No, slateInfo really isn't a part of the keycode, but it is a part of the
SMPTE DPX Motion Picture Information header.  One of my questions to the list
is should we include everything from the DPX header, or should we just include
those necessary to track the keycode?  I only need keycode myself right now,
but I'd like to choose something which is both standard and future proof.

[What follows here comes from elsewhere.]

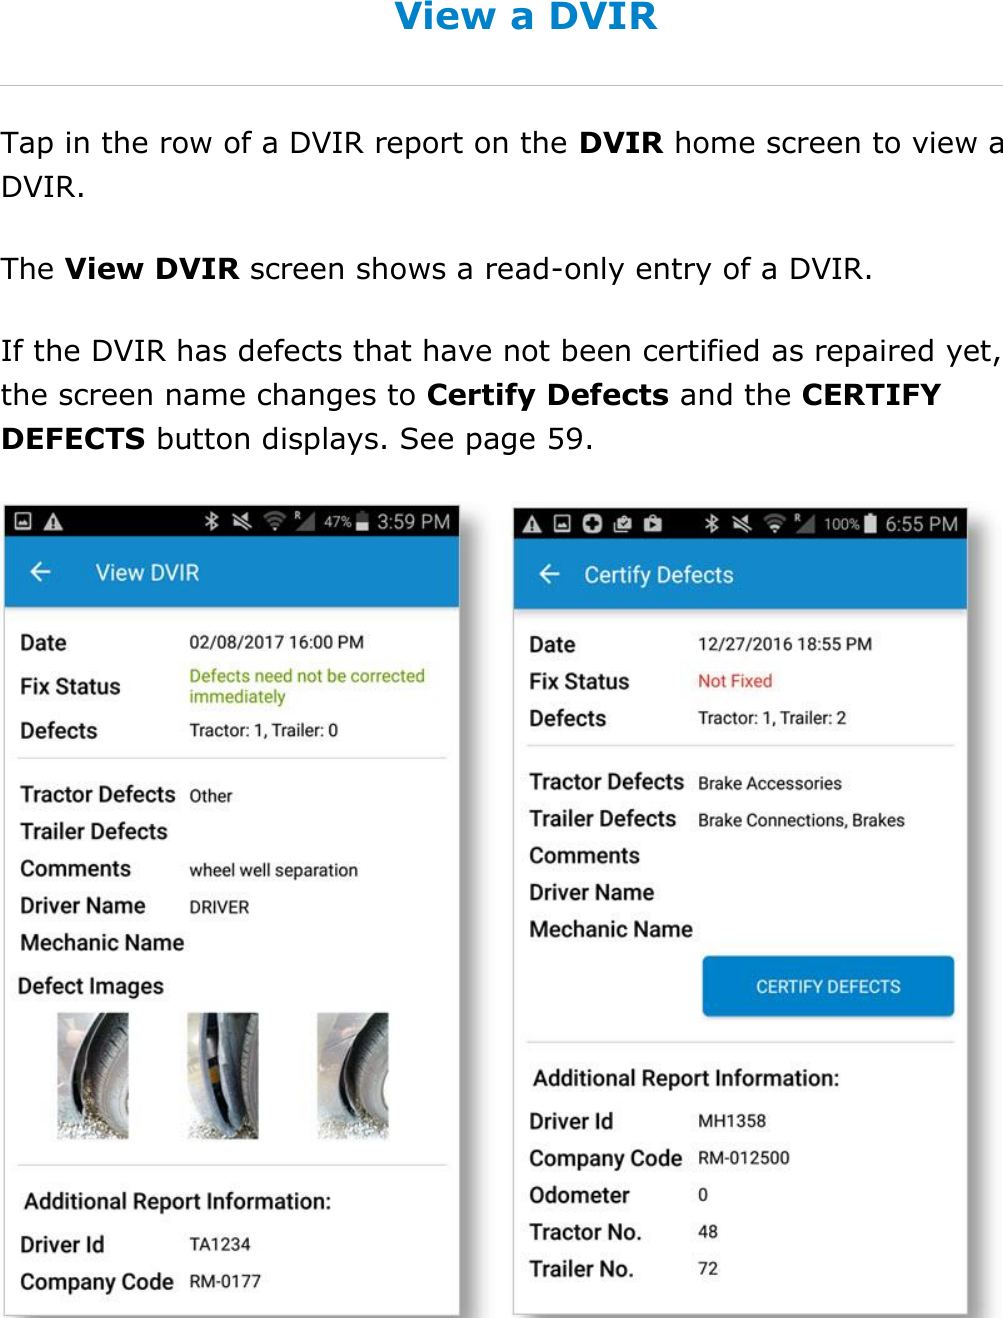 Complete a DVIR DriverConnect User Guide  58 © 2016-2017, Rand McNally, Inc. View a DVIR Tap in the row of a DVIR report on the DVIR home screen to view a DVIR. The View DVIR screen shows a read-only entry of a DVIR. If the DVIR has defects that have not been certified as repaired yet, the screen name changes to Certify Defects and the CERTIFY DEFECTS button displays. See page 59.

If we leave off the slateInfo and reserved fields, we still have the ability to
just do a memcopy from our data structure into a DPX one, which is nice.  I
don't have any major objections to leaving them out.  But on the other hand
they only add 156 bytes.


  * In C++, having a default constructor for the keycode information would
    be useful.  Do you have suggestions for suitable default values for
    the fields in the struct?


The SMPTE DPX spec says that any non-core fields that are not set by the
writer should use the following values to designate "undefined":

     unsigned 8-bit integer:    0xFF
    unsigned 16-bit integer:    0xFFFF
    unsigned 32-bit inteber:    0xFFFFFFFF
         32-bit real number:    0xFFFFFFFF
                      ASCII:    0x0

And I believe that all the fields we are discussing are considered non-core.